A similar distinction between accrual and cash basis taxpayers also arises in cases dealing specifically with the deductibility of insurance expenses. Cash basis taxpayers typically have been obligated to capitalize payments for insurance with terms in excess of 1 year but, with respect to insurance covering 1 year or less, have been permitted full deduction in the year of payment. See, e.g., Commissioner v. Boylston Market Association, 131 F.2d 966 (1st Cir. 1942), affg. a B.T.A. Memorandum Opinion dated Nov. 6, 1941; Bell v. Commissioner, 13 T.C. 344 (1949); Peters v. Commissioner, 4 T.C. 1236 (1945); Jephson v. Commissioner, 37 B.T.A. 1117 (1938); Kauai Terminal, Ltd. v. Commissioner, 36 B.T.A. 893 (1937). In contrast, where the taxpayer utilizes the accrual method, proration of premium expenses has been required, and no distinction based upon policy length has been articulated. See, e.g., Johnson v. Commissioner, 108 T.C. 448 (1997), affd. in part and revd. in part on other grounds 184 F.3d 786 (8th Cir. 1999); Higginbotham-Bailey-Logan Co. v. Commissioner, 8 B.T.A. 566 (1927).

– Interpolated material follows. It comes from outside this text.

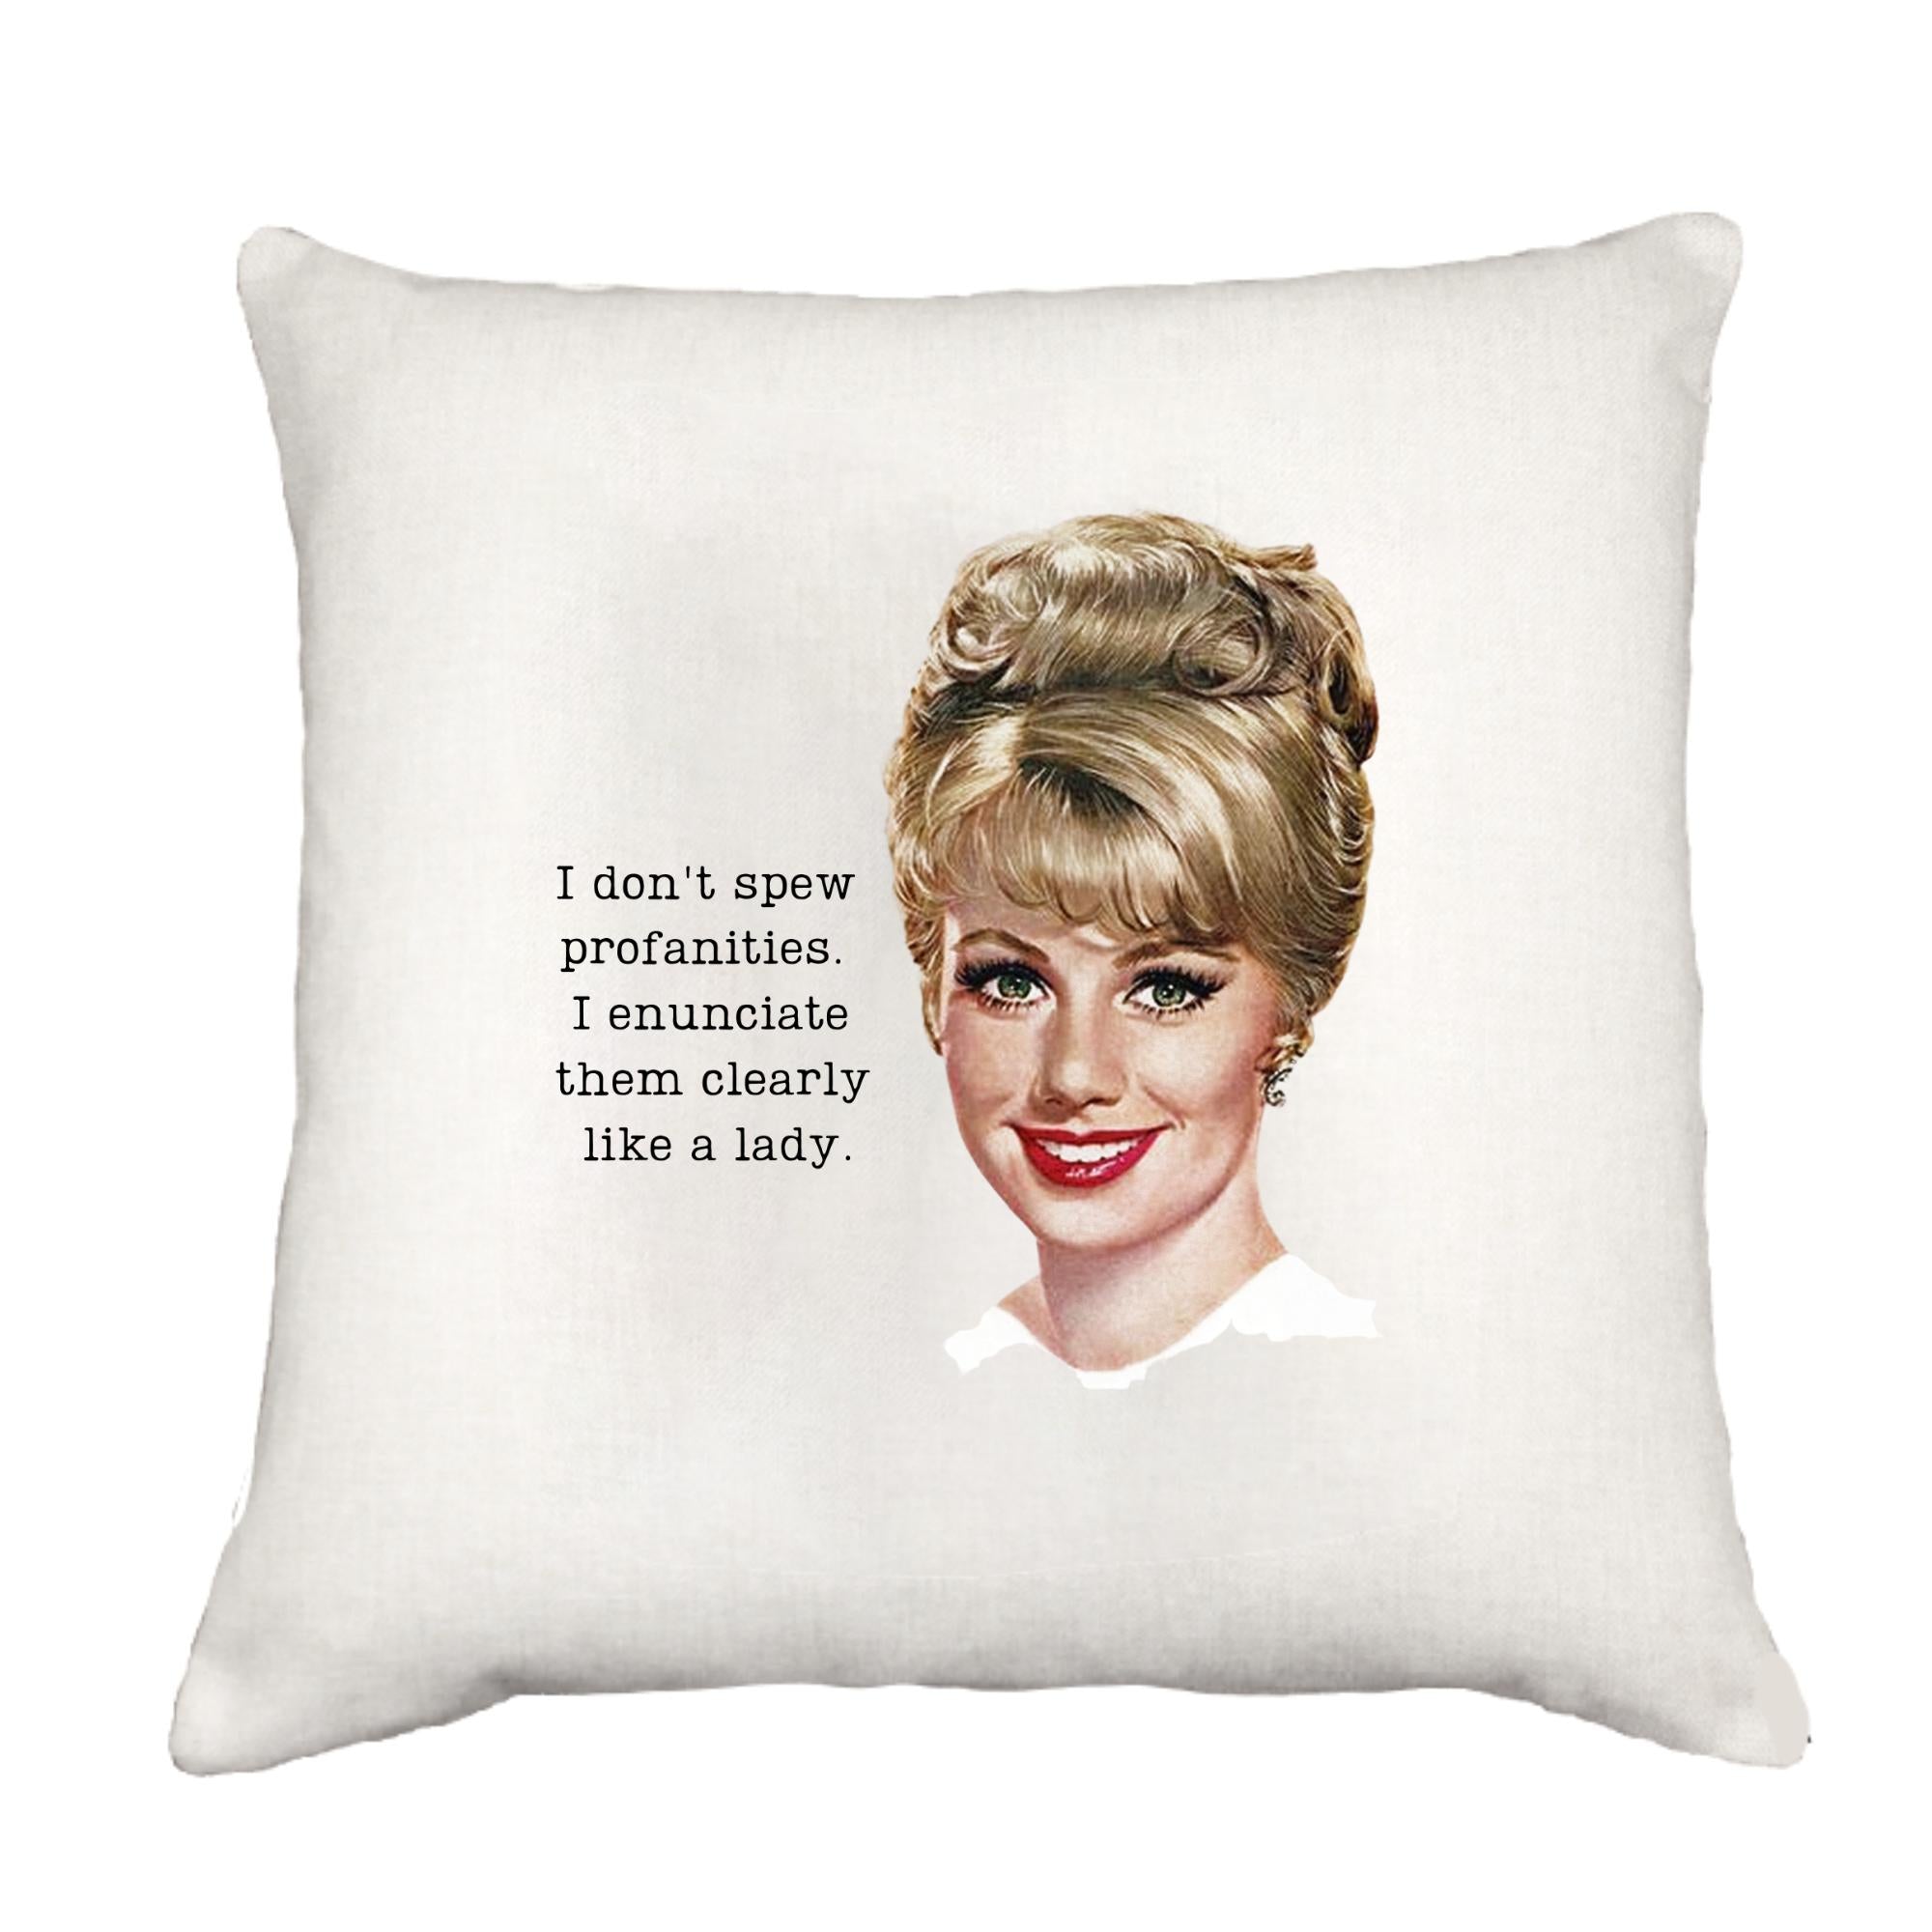 Like A Lady Down Pillow

For instance, in Johnson v. Commissioner, supra, a taxpayer employing the accrual method purchased insurance policies covering periods of 1 to 7 years. Given this scenario, the Court made no attempt to ascertain which of the policies, such as those covering only 1 year, would expire within the following taxable year. Instead, the Court ruled that "to the extent that part of any Premium was allocable to coverage for subsequent years, it must be capitalized and amortized by deductions in those years." Id. at 488. Likewise, in Higginbotham-Bailey-Logan Co. v. Commissioner, supra, the Court disallowed a deduction for prepaid insurance taken by an accrual basis taxpayer without inquiring into whether the policy might terminate within the next year. The Court resolved the issue by stating: "The adjustment made by the Commissioner appears to be in accordance with the method of accounting employed by the petitioner and appears further to be such that petitioner's net income is more nearly correctly reflected than on the basis used in the return." Id. at 577. Hence, beginning as early as 1927 and followed as recently as 1997, reported cases have indicated that an accrual basis taxpayer must prorate insurance expenses, and no taxpayer utilizing such a method has been afforded the treatment that petitioner here requests.

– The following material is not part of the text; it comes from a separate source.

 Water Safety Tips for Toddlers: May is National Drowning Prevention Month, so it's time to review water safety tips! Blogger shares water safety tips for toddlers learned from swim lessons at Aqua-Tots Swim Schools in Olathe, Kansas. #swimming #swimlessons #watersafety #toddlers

As a result, consistency with case law negates the possibility of a 1-year rule with respect to the accrual basis taxpayer. It follows that petitioner's deductions were improper under the rules governing deductions and capitalization.

Clear Reflection of Income Rules

Section 446(b) provides: "If no method of accounting has been regularly used by the taxpayer, or if the method used does not clearly reflect income, the computation of taxable income shall be made under such method as, in the opinion of the Secretary, does clearly reflect income." However, petitioner acknowledges on brief that "The capitalization rules stand on their own as does the clear reflection of income provision of I.R.C. section 446(b)." Hence, because petitioner's treatment of license and insurance costs violated sections 162 and 263, we need not reach the issue of whether petitioner's method of tax accounting also failed to clearly reflect income. The related evidentiary objection raised by petitioner, contesting the admissibility of financial data for years subsequent to 1993, is likewise rendered moot. The challenged figures were offered only on the question of clear reflection. Although petitioner asserts that respondent abused his discretion in changing an accounting method authorized by the Code and consistently applied, petitioner does not argue that a method contrary to law is nonetheless acceptable so long as it has been consistently applied.

We therefore hold that petitioner is not entitled to currently deduct license and insurance expenses allocable to the following taxable year. Respondent's determination of a deficiency with respect to petitioner's 1993 taxable year is sustained.

To reflect the foregoing,

Decision will be entered under Rule 155.